What to work on: Go through the data below and transcribe it exactly. Omit the images.

Supplied material:

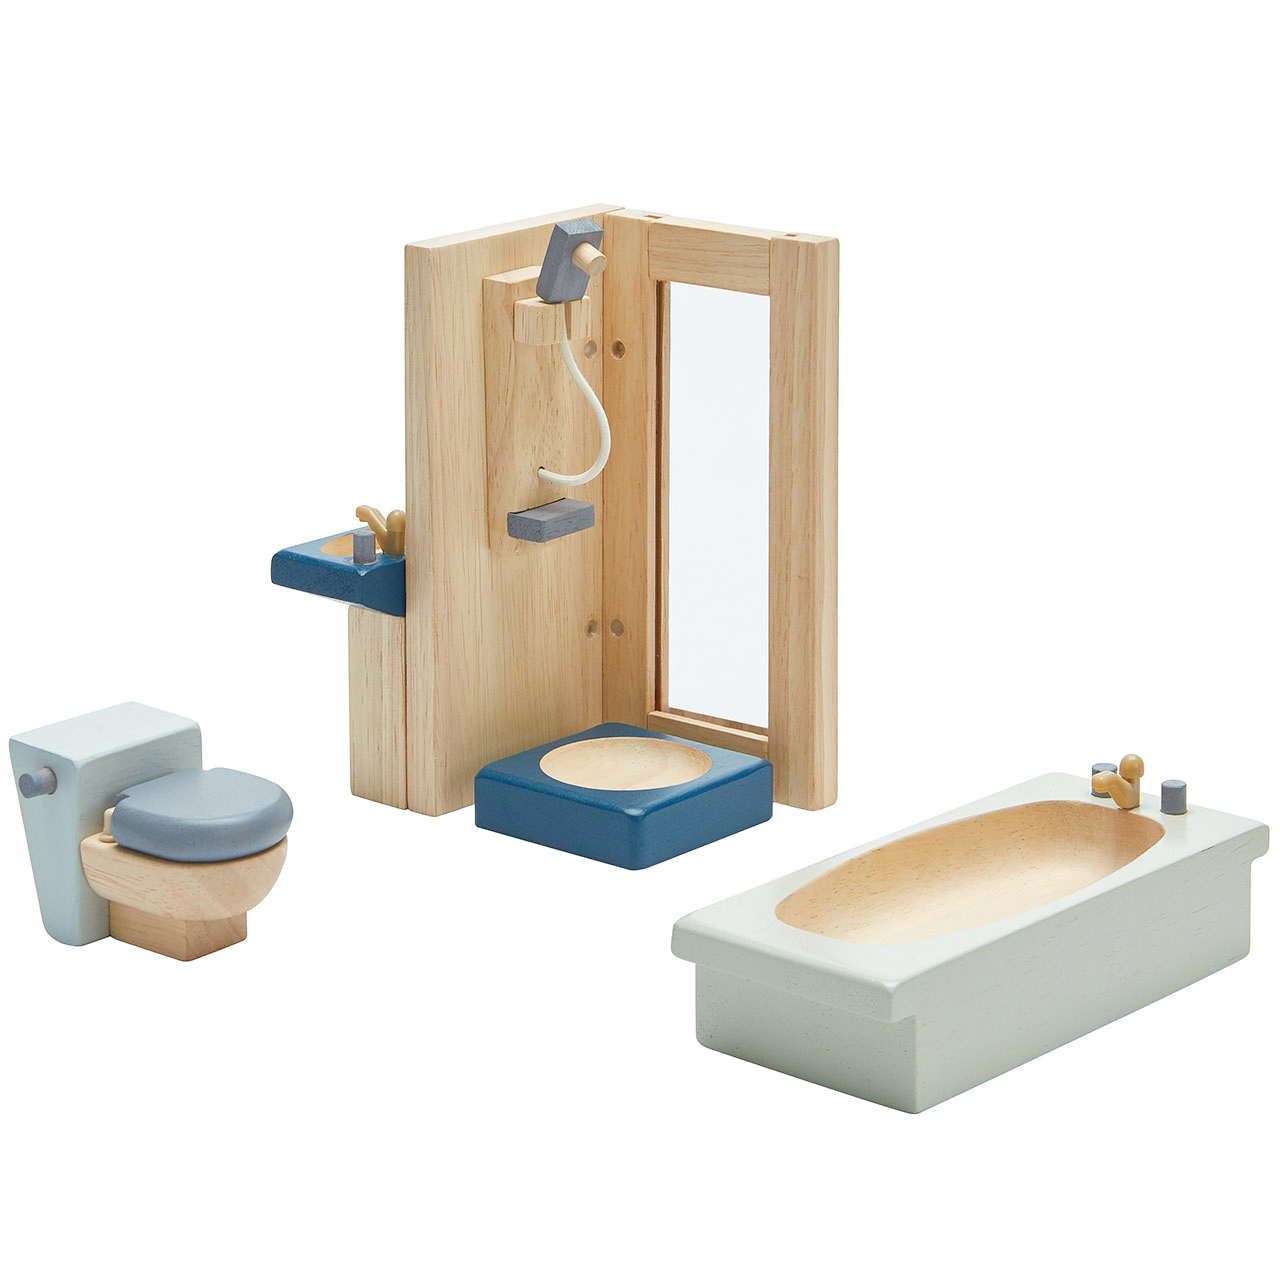 WC Inkl Puppenhausmöbel aus Holz für Badezimmer Dusche mit Badewanne 
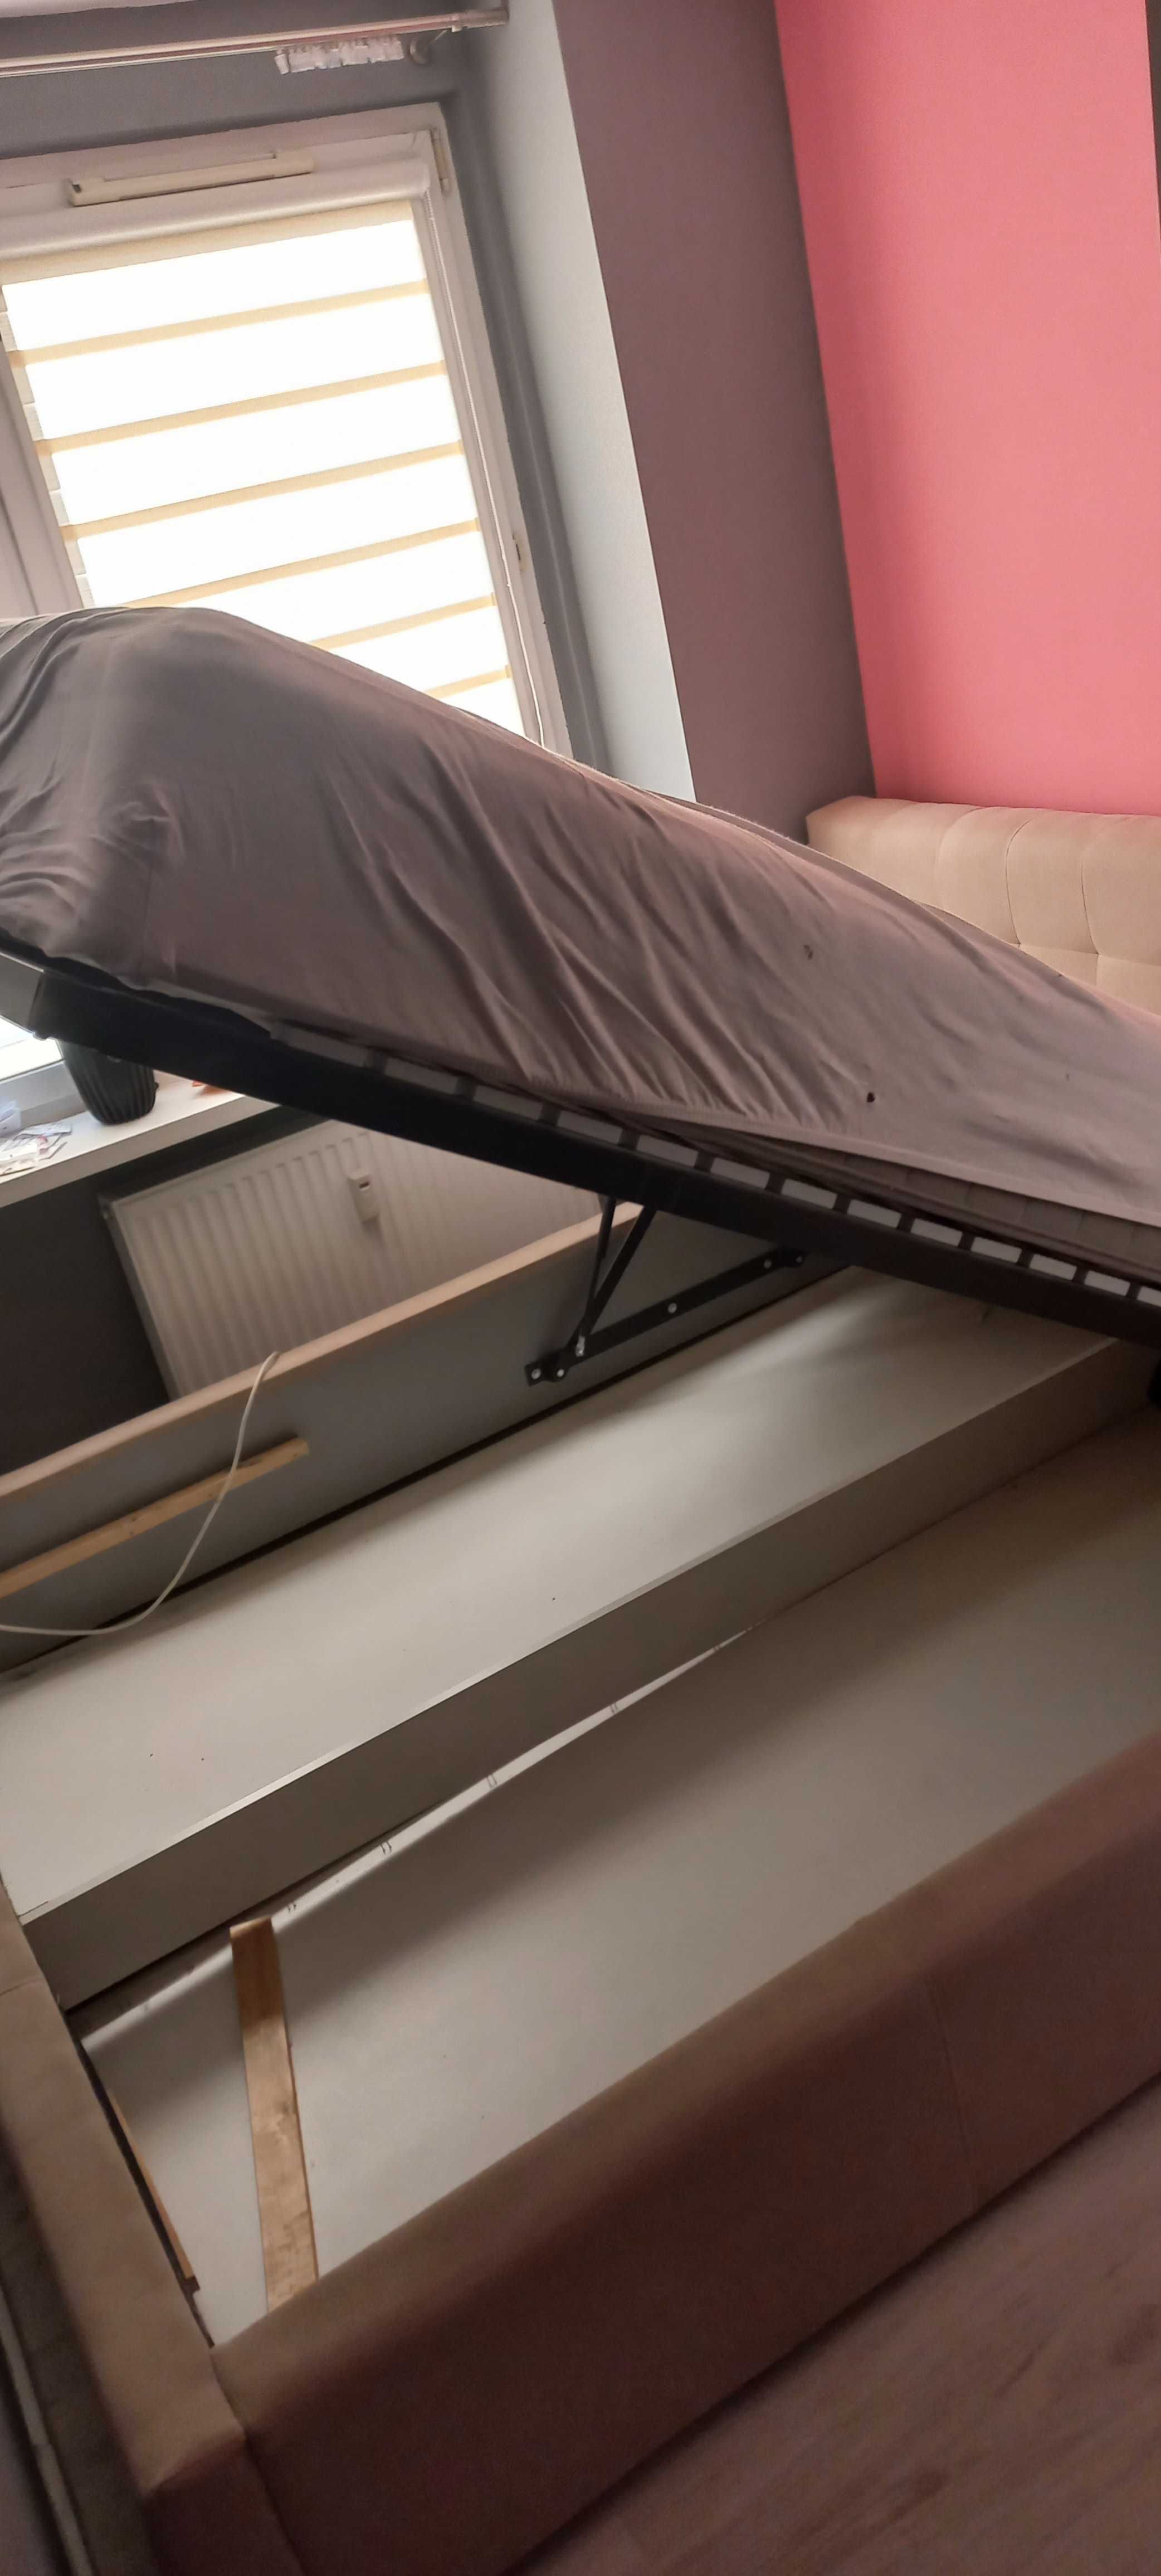 łóżko z materacem
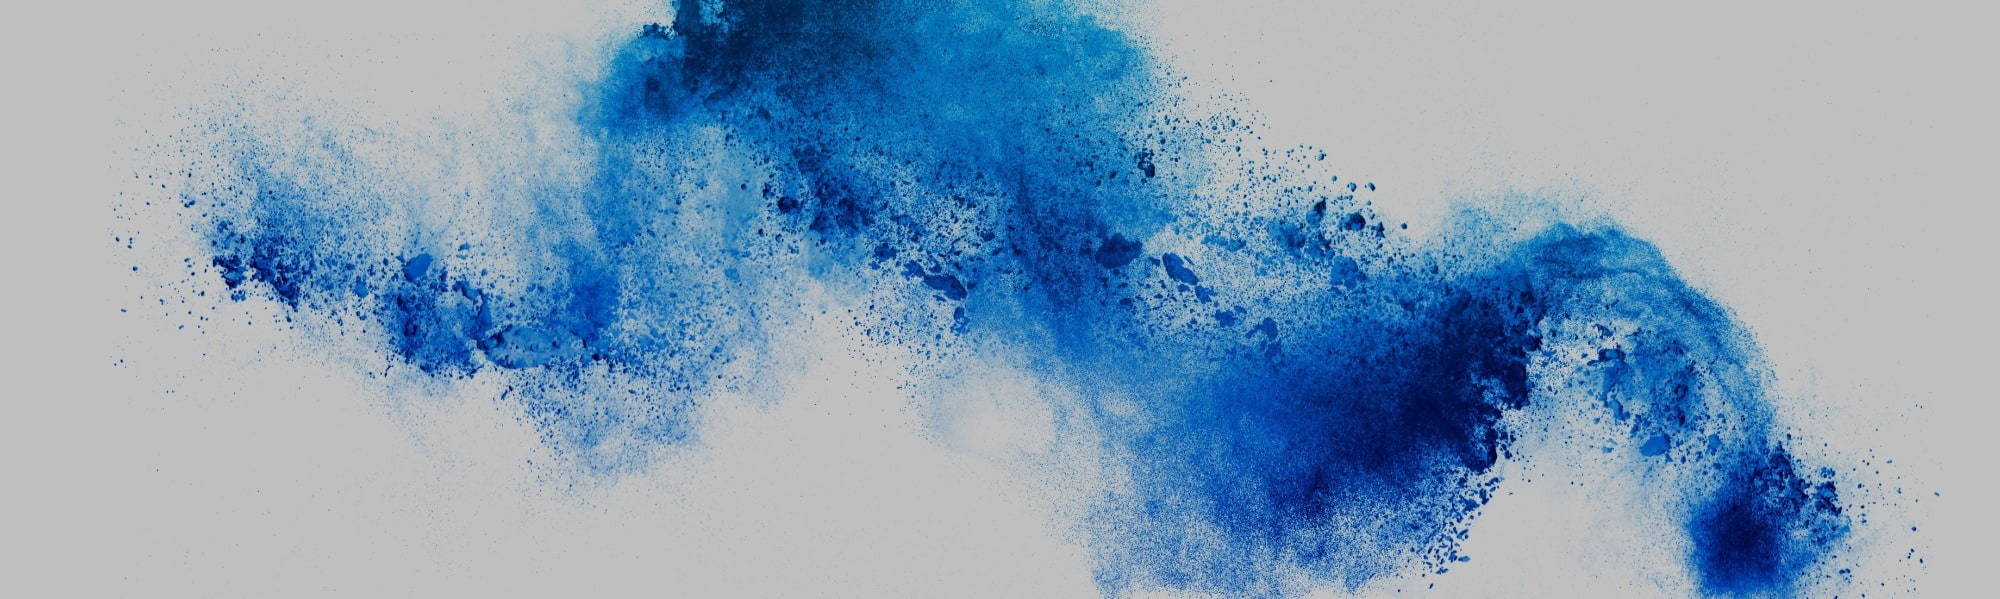 Blue colour splash image
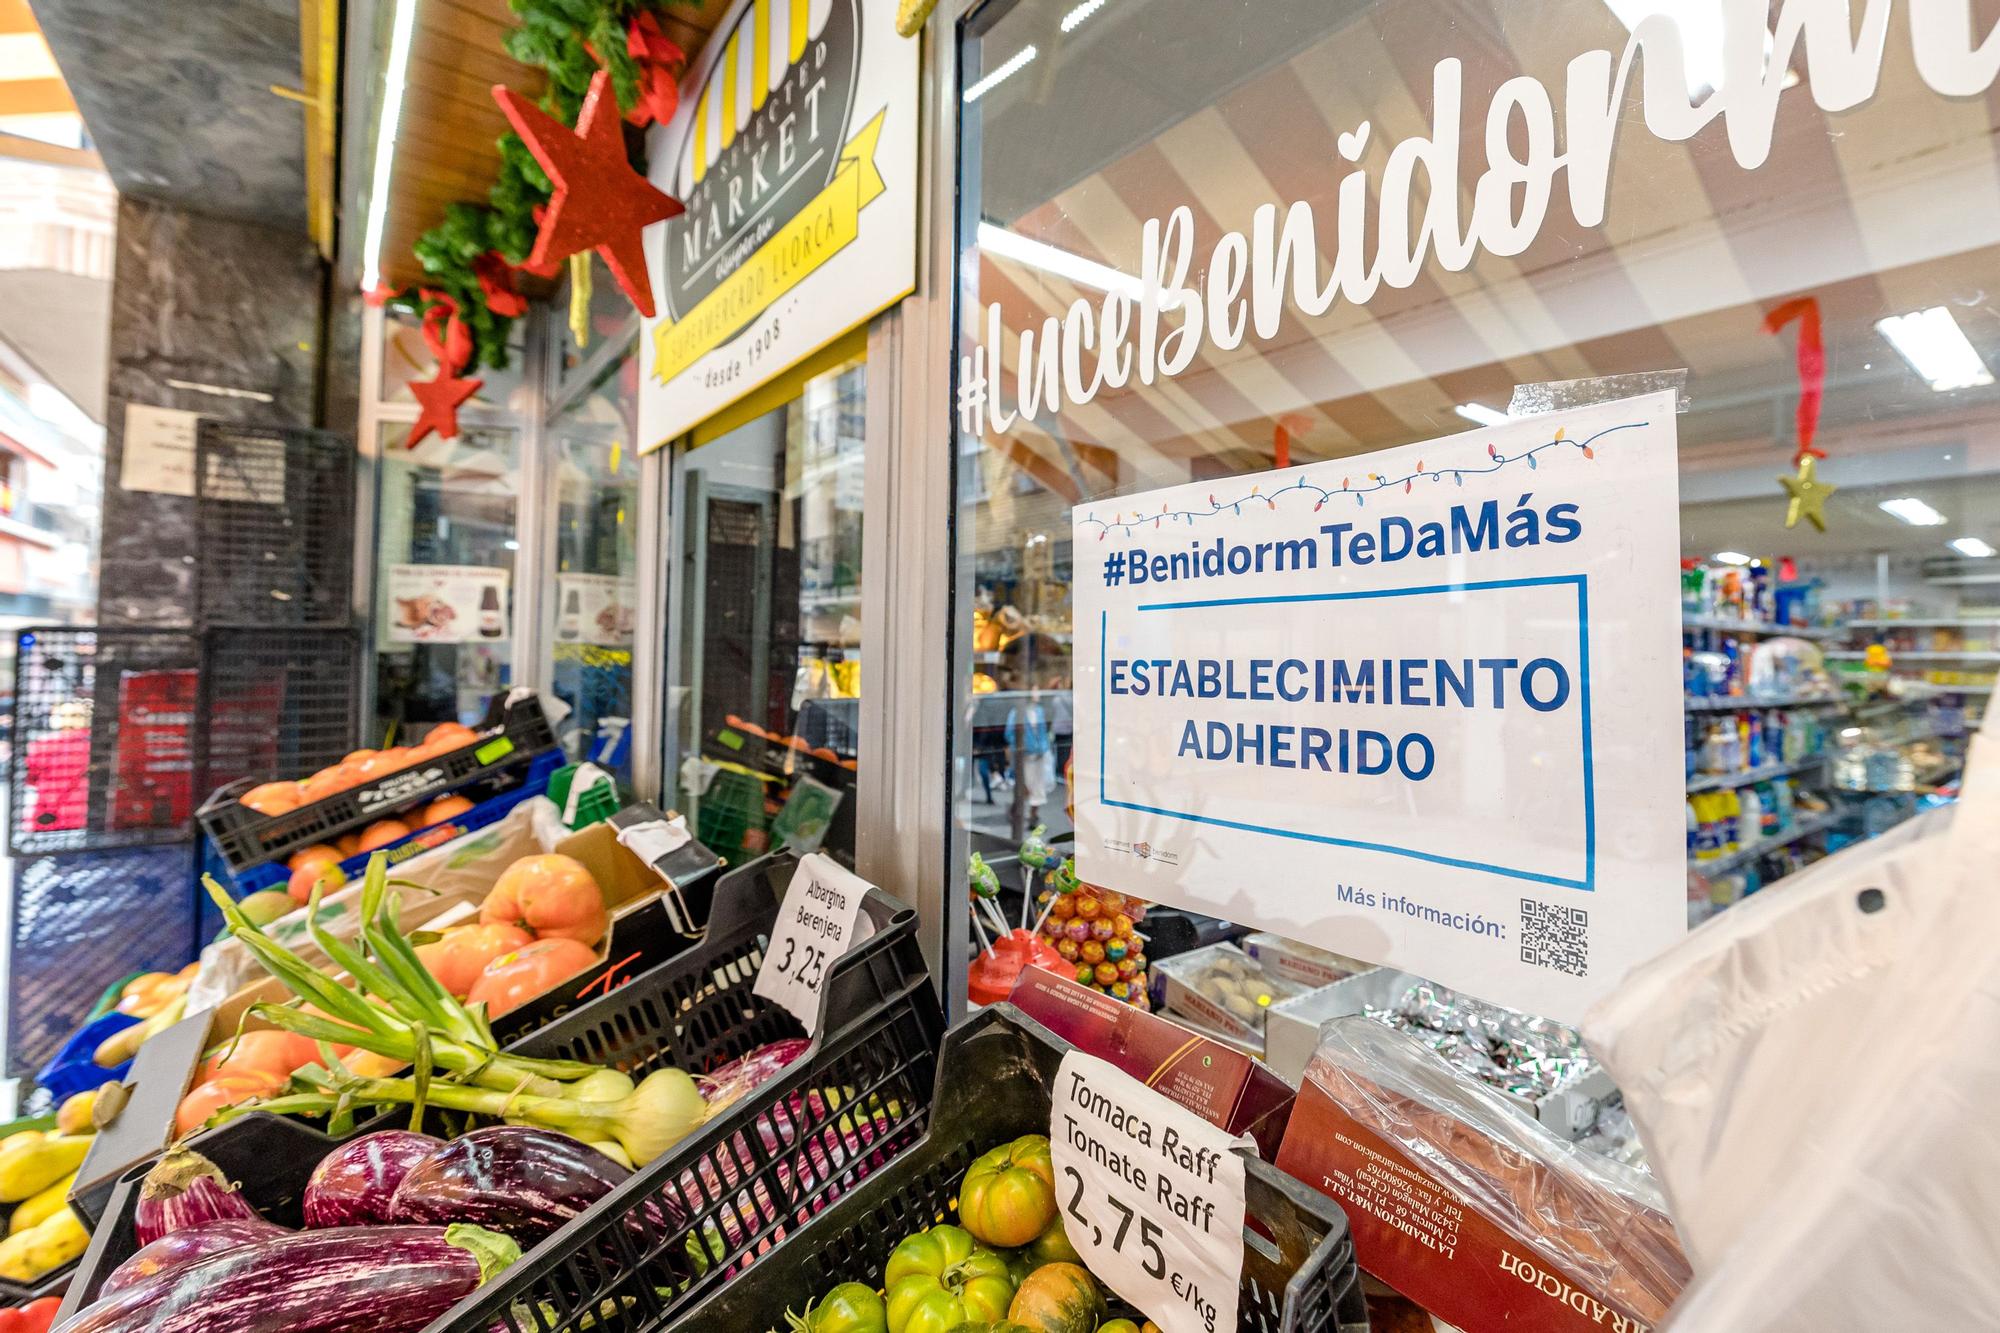 La campaña "BenidormTeDaMás" recibe una avalancha de peticiones de descarga de los bonos descuentos para comercios y hostelería de la ciudad. Los primeros días para gastar estos bonos han provocado colas en algunos establecimientos. La iniciativa, que pretende ayudar al sector e incentivar el consumo, estará en marcha hasta el 31 de diciembre.

Result for this task:
 WC Inkl Puppenhausmöbel aus Holz für Badezimmer Dusche mit Badewanne 
 łóżko z materacem
 Blue colour splash image
 La campaña "BenidormTeDaMás" recibe una avalancha de peticiones de descarga de los bonos descuentos para comercios y hostelería de la ciudad. Los primeros días para gastar estos bonos han provocado colas en algunos establecimientos. La iniciativa, que pretende ayudar al sector e incentivar el consumo, estará en marcha hasta el 31 de diciembre.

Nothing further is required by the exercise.